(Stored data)
--- START ---

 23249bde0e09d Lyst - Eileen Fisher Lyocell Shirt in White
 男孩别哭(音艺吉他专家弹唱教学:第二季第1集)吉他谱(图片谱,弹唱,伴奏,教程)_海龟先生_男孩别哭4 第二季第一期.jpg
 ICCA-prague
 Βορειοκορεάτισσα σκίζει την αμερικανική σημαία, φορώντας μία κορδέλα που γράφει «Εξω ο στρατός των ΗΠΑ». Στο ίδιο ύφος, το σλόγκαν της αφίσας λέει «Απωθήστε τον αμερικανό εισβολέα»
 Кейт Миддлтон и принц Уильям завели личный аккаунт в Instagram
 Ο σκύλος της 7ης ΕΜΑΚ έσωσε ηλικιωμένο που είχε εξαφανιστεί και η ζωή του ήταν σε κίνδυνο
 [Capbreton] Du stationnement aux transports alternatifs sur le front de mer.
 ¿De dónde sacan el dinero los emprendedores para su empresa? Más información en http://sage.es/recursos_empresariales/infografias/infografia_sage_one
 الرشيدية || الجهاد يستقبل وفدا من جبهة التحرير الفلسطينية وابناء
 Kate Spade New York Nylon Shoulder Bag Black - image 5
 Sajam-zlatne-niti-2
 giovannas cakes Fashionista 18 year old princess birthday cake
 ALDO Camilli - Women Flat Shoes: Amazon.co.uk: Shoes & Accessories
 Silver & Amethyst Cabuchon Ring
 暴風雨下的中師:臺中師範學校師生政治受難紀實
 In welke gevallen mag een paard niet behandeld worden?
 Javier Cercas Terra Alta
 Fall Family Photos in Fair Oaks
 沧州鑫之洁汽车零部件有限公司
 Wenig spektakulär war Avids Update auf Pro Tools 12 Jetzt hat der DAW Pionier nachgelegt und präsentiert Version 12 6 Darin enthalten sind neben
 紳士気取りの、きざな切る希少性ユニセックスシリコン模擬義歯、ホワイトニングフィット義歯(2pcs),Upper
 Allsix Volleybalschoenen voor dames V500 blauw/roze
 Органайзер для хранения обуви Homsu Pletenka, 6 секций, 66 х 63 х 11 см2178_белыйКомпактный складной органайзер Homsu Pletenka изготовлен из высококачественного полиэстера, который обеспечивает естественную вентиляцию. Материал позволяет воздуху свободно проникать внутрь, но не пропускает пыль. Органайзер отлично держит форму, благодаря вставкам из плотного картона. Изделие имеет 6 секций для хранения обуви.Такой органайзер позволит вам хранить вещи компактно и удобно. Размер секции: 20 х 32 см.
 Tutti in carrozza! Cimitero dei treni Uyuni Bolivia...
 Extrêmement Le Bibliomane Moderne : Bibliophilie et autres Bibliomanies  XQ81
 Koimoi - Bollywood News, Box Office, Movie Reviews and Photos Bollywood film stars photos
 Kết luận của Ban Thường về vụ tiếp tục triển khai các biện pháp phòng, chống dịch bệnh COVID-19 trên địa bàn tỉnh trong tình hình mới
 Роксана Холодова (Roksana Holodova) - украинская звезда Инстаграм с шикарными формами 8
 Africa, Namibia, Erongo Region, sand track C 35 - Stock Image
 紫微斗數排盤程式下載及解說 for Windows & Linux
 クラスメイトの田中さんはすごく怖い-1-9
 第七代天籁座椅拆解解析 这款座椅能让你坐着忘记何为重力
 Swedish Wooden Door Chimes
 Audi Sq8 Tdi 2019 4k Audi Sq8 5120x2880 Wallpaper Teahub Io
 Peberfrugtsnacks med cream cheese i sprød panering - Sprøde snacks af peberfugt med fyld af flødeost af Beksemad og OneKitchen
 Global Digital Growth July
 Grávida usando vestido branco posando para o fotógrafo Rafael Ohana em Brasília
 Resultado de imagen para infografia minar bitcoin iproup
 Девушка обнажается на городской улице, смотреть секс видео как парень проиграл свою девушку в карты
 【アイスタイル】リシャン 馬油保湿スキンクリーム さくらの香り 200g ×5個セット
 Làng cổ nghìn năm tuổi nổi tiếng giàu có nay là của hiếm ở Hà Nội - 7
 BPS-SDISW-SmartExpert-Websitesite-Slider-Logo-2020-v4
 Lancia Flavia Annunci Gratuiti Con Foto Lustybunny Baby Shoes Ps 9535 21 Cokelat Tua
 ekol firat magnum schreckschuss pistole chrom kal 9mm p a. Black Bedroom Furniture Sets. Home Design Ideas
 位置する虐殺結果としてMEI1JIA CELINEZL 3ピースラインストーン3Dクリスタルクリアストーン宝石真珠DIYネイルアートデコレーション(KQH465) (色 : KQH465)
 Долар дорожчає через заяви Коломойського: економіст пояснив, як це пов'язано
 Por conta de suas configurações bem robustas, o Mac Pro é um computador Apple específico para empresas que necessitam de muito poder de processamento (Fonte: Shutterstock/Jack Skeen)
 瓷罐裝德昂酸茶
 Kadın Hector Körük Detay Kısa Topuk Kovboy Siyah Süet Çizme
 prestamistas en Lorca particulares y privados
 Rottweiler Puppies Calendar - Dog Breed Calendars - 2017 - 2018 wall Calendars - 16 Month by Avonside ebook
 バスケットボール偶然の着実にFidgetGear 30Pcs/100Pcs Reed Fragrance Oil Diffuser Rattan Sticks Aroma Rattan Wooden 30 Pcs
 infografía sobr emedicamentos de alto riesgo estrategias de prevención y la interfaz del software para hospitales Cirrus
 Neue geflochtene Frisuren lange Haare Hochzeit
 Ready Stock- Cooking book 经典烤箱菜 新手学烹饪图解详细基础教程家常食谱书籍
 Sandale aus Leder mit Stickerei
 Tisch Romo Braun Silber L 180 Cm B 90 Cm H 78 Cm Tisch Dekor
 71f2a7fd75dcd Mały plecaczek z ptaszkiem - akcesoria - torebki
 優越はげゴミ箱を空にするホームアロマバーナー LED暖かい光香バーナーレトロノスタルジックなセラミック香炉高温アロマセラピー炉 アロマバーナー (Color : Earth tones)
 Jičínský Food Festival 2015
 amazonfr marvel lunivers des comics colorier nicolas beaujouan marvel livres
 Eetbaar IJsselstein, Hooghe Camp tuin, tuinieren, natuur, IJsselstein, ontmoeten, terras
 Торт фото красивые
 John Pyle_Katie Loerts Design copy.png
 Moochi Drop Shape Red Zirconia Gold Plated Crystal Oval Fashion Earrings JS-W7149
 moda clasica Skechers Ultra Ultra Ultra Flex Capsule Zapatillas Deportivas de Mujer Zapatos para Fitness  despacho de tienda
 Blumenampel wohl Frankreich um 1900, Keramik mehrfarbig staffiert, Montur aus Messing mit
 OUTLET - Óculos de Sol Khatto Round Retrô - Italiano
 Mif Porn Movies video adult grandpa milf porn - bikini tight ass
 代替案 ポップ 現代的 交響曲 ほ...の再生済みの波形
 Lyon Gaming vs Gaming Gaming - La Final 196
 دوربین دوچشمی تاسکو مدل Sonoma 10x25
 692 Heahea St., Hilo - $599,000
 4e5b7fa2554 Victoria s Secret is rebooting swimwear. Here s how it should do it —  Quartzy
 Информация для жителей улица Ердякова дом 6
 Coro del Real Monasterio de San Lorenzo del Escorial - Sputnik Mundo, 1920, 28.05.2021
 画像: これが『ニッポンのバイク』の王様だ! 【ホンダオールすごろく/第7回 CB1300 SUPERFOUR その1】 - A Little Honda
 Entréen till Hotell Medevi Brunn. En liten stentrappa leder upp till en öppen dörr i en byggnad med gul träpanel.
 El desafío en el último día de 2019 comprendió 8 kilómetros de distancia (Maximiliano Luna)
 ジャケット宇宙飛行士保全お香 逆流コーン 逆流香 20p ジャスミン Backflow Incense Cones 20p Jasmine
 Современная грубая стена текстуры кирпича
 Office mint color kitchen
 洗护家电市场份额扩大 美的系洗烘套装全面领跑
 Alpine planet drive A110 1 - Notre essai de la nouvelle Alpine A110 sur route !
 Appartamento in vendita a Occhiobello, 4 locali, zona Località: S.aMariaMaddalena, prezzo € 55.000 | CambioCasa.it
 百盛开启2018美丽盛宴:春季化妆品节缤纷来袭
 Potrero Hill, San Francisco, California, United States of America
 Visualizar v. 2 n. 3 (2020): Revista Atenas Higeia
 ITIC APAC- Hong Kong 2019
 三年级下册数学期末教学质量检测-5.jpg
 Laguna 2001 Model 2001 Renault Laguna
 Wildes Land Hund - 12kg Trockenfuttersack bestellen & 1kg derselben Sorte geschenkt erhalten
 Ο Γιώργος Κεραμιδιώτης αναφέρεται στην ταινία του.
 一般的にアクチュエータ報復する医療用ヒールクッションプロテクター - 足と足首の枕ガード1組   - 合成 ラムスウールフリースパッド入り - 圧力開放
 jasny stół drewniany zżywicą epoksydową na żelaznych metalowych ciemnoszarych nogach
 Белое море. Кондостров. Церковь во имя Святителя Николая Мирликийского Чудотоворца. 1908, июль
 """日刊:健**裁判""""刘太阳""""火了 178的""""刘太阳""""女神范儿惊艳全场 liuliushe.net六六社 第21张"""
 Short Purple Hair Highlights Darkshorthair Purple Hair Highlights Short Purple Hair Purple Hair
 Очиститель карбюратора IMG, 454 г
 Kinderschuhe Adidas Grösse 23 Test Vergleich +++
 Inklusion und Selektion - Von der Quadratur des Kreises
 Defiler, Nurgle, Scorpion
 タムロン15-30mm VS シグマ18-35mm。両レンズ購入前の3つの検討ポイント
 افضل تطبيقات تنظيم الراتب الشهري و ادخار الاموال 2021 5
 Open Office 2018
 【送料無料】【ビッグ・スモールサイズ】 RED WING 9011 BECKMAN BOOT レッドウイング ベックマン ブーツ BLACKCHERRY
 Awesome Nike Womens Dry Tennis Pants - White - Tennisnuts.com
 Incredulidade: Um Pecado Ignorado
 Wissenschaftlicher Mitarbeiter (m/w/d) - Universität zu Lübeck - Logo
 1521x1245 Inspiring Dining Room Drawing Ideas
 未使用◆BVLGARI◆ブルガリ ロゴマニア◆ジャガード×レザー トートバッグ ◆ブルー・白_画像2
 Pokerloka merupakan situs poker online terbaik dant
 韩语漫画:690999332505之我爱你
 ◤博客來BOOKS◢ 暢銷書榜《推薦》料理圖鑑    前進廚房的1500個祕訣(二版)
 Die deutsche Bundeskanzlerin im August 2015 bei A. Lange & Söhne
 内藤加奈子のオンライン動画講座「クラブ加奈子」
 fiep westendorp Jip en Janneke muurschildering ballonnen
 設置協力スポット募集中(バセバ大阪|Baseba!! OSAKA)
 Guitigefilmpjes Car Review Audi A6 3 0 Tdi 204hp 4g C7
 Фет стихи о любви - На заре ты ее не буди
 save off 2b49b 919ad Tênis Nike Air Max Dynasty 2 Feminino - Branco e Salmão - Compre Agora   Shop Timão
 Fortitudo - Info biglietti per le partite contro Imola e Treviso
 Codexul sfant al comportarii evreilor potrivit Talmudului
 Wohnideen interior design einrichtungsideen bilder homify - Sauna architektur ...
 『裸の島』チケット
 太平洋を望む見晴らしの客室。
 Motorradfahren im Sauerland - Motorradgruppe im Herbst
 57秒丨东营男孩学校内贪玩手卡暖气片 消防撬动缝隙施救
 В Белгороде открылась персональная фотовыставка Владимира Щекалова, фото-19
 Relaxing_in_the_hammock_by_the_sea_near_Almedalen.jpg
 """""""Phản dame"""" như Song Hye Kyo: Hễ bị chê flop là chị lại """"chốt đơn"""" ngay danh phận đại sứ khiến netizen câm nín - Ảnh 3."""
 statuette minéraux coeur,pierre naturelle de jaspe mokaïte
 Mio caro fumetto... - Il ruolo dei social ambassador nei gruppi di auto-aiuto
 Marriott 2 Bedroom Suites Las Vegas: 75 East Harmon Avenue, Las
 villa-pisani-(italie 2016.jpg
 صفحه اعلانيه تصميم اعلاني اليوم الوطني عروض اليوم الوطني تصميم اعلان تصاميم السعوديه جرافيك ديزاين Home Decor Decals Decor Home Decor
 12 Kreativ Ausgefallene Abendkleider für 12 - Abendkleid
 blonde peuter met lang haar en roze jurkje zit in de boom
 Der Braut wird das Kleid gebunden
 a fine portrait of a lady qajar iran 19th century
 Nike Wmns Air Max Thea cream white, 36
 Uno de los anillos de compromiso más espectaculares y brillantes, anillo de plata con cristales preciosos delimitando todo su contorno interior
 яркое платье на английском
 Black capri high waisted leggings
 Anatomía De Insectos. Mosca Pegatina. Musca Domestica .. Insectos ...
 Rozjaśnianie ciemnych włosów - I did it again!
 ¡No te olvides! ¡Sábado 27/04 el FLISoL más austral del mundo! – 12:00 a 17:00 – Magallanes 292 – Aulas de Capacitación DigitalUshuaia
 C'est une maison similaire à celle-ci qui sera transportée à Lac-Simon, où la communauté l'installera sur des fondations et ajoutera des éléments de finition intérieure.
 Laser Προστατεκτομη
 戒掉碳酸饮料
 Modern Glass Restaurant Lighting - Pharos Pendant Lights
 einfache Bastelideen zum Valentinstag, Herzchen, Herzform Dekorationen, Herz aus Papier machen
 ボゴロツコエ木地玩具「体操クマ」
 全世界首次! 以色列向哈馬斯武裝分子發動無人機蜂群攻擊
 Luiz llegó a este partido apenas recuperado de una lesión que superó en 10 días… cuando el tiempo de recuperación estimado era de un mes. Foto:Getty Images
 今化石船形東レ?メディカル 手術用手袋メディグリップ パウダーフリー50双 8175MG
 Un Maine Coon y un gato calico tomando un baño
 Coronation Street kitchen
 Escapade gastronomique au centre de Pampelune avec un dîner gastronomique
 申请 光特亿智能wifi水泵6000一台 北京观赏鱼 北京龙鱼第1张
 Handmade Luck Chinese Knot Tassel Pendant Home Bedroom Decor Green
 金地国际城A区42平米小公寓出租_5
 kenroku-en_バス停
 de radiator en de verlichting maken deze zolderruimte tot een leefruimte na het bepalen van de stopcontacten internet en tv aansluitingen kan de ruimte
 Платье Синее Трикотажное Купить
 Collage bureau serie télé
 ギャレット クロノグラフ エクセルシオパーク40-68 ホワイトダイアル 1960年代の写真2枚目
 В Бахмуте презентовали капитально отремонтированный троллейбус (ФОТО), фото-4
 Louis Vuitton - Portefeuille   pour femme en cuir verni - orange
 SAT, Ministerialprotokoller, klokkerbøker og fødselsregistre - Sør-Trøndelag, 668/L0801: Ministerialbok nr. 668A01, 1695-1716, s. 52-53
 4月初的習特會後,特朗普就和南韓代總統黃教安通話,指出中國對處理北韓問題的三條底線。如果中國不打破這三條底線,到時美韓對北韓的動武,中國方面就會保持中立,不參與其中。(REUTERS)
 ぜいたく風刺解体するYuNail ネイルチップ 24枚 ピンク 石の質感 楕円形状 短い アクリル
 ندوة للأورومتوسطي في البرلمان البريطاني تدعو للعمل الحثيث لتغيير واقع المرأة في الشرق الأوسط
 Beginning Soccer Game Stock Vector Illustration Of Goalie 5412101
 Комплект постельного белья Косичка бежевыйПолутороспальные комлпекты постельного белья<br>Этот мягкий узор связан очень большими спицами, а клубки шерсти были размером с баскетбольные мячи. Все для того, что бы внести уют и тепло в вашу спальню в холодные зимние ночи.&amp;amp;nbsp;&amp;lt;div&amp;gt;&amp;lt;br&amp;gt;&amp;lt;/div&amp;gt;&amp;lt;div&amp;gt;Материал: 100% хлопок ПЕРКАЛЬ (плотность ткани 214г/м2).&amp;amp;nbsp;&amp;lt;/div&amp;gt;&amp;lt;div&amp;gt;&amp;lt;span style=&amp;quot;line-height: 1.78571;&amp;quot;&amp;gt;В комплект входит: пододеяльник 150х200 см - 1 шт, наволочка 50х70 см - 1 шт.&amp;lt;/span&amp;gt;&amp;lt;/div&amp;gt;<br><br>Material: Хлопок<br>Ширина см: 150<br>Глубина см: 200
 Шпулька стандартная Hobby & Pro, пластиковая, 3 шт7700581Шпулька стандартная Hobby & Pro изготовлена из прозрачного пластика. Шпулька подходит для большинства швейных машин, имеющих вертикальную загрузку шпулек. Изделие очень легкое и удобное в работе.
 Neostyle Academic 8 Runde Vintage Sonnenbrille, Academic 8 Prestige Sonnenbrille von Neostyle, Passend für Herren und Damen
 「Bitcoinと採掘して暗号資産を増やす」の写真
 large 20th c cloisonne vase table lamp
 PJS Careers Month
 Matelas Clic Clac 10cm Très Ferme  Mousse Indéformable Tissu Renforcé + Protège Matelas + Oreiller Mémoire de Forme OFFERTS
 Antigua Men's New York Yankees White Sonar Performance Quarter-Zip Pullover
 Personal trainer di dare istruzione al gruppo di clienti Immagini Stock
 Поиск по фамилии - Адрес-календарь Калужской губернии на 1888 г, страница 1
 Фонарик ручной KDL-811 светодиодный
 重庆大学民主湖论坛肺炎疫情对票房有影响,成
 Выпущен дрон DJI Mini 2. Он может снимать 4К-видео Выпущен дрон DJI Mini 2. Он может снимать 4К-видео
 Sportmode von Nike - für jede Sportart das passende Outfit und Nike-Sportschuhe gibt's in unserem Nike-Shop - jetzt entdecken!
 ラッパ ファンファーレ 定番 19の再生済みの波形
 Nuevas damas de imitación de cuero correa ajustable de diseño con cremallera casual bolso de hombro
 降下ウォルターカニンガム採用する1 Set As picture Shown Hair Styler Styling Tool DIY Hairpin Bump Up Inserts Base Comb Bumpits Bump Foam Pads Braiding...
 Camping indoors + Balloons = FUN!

--- END ---

■ WHAT IS NEEDED ■
After identifying the lines above that contain "Logo", copy each one.

■ ANSWER BOX ■
 BPS-SDISW-SmartExpert-Websitesite-Slider-Logo-2020-v4
 Wissenschaftlicher Mitarbeiter (m/w/d) - Universität zu Lübeck - Logo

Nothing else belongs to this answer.